Tool descriptions are prompts. Good descriptions = agent uses tools correctly. Bad descriptions = agent guesses wrong. Both OpenAI and Anthropic ship the same loop shape with slightly different schemas ([openai-tools], [anthropic-tools]); the underlying mental model is identical.

RAG as a Tool

Here’s the insight: RAG doesn’t get replaced by agents—it becomes a tool.

RAG as Agent Tool

Available tools:
• search_docs: Search knowledge base for relevant info
• query_orders: Get order details from database
• check_shipping: Get real-time shipping status

User: "When will my order #789 arrive?"

Agent thinks: "I need order details first"
Agent acts: query_orders(order_id="789")
Observation: {status: "shipped", carrier: "FedEx", ...}

Agent thinks: "Order is shipped, need tracking info"
Agent acts: check_shipping(tracking="FX123456")
Observation: {location: "Chicago", est_delivery: "Dec 5"}

Agent thinks: "I have all the info, can answer now"
Agent responds: "Your order shipped via FedEx and
should arrive December 5th."

RAG is retrieval. Agents can use retrieval as one capability among many.

Takeaway: tools are the agent’s interface to the world — their descriptions are prompts in disguise. RAG doesn’t get replaced by agents; it becomes one of their tools.
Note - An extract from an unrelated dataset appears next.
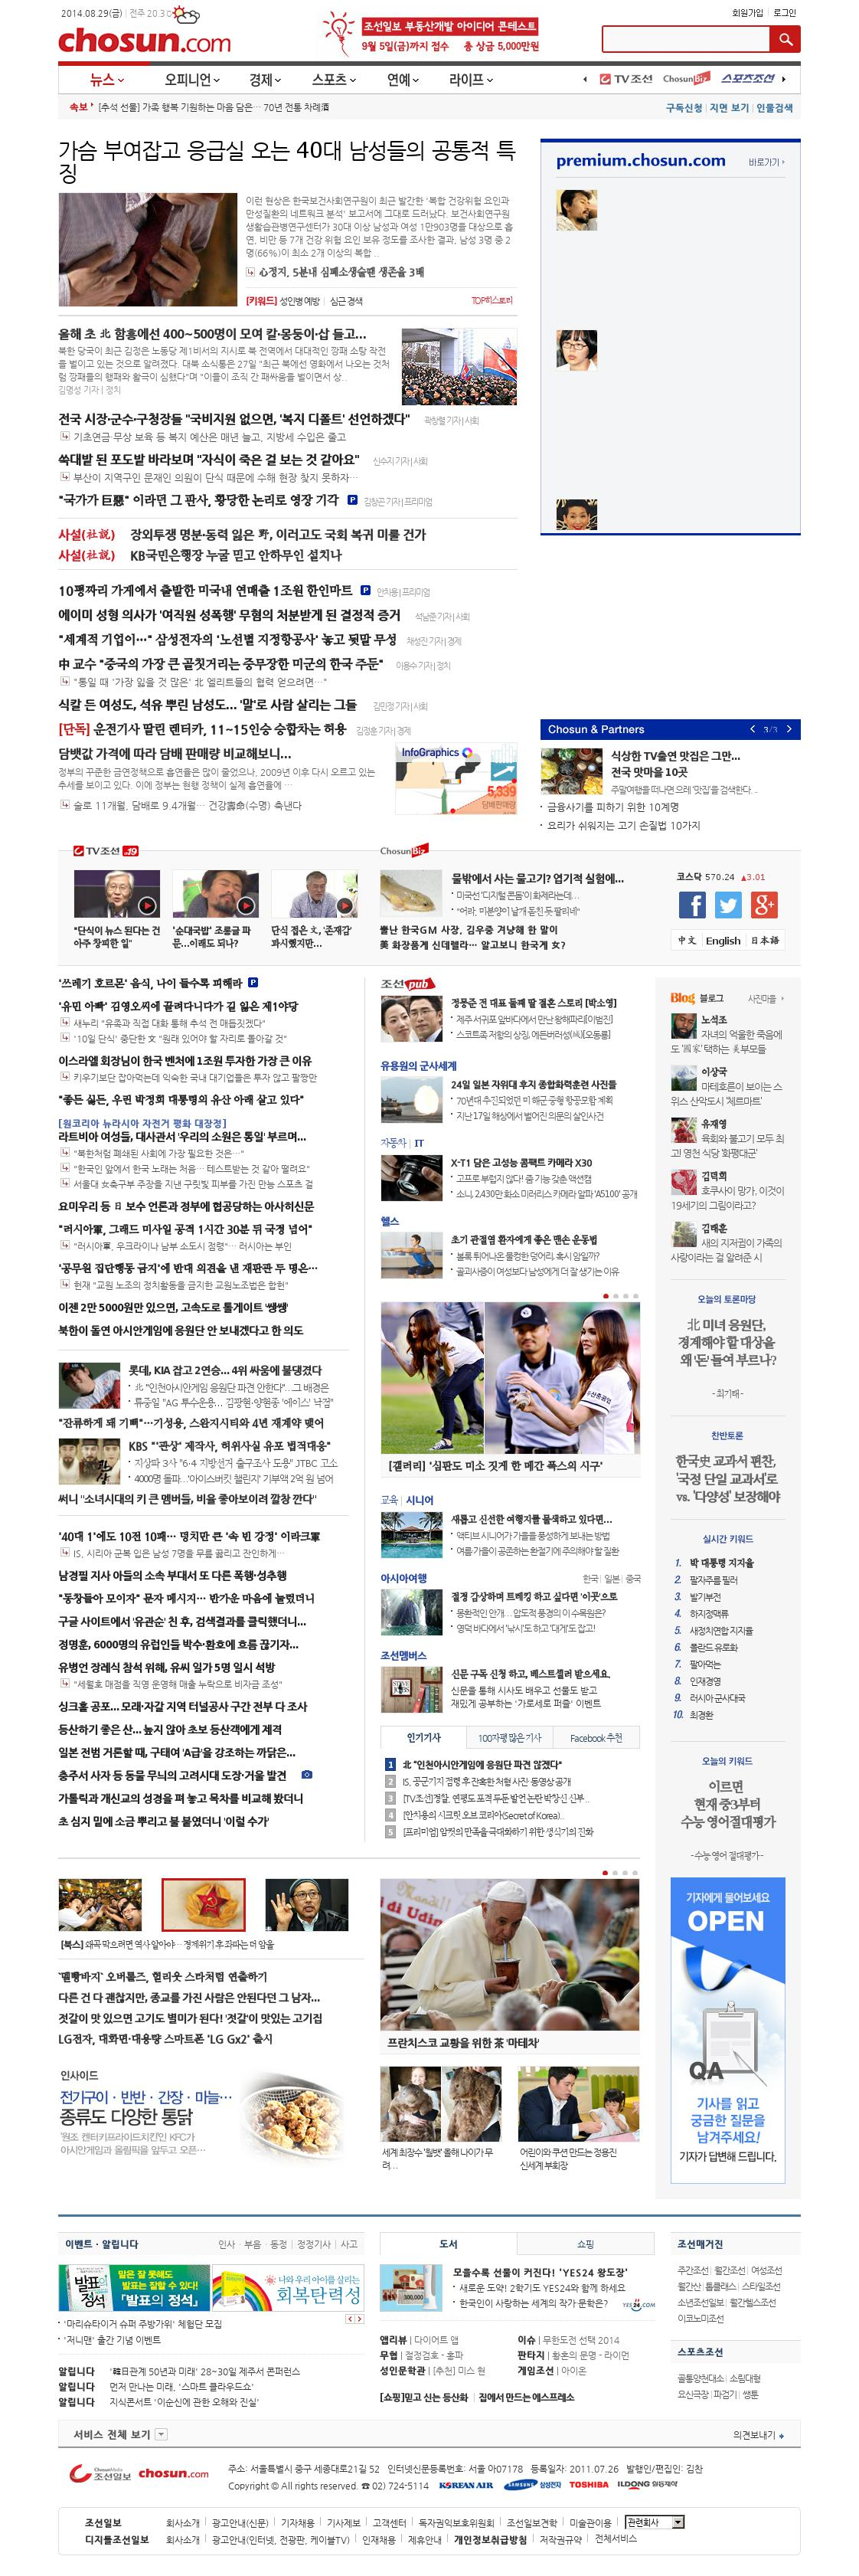 chosun.com at Thursday Aug. 28, 2014, 10:02 p.m. UTC

Vague tool descriptions cause silent failures more often than buggy tool code.

The ReAct Pattern

The most common agent architecture is ReAct — Reason + Act. The pattern was named by Yao et al. 2022 [yao2022], which paired explicit reasoning traces with environment-coupled actions. On ALFWorld it beat the prior imitation-learning baseline by 34 percentage points absolute, and on WebShop by 10 points [yao2022]. The lift comes from making the reasoning step explicit and inspectable, not from a smarter model.

ReAct Example

User: "What's the refund status for alice@example.com?"

┌─────────────────────────────────────────────────────────┐
│ THOUGHT: I need to find any refund requests from this │
│ user. I'll search the orders first. │
│ │
│ ACTION: search_orders(email="alice@example.com") │
└─────────────────────────────────────────────────────────┘

OBSERVATION: [
{order_id: "456", status: "refund_requested", amount: 99}
]

┌─────────────────────────────────────────────────────────┐
│ THOUGHT: Found an order with refund requested. │
│ I need to check the refund processing status. │
│ │
│ ACTION: check_refund(order_id="456") │
└─────────────────────────────────────────────────────────┘

OBSERVATION: {status: "approved", processed_date: "Dec 3"}

┌─────────────────────────────────────────────────────────┐
│ THOUGHT: The refund has been approved and processed. │
│ I have enough info to answer. │
│ │
│ ACTION: respond_to_user │
└─────────────────────────────────────────────────────────┘

RESPONSE: "Alice's refund of $99 for order #456 was
approved and processed on December 3rd."

The THOUGHT step makes the agent’s reasoning visible. This helps with:

Debugging (you can see why it chose an action)
Guidance (you can provide examples of good reasoning)
Error recovery (model realizes when it’s stuck)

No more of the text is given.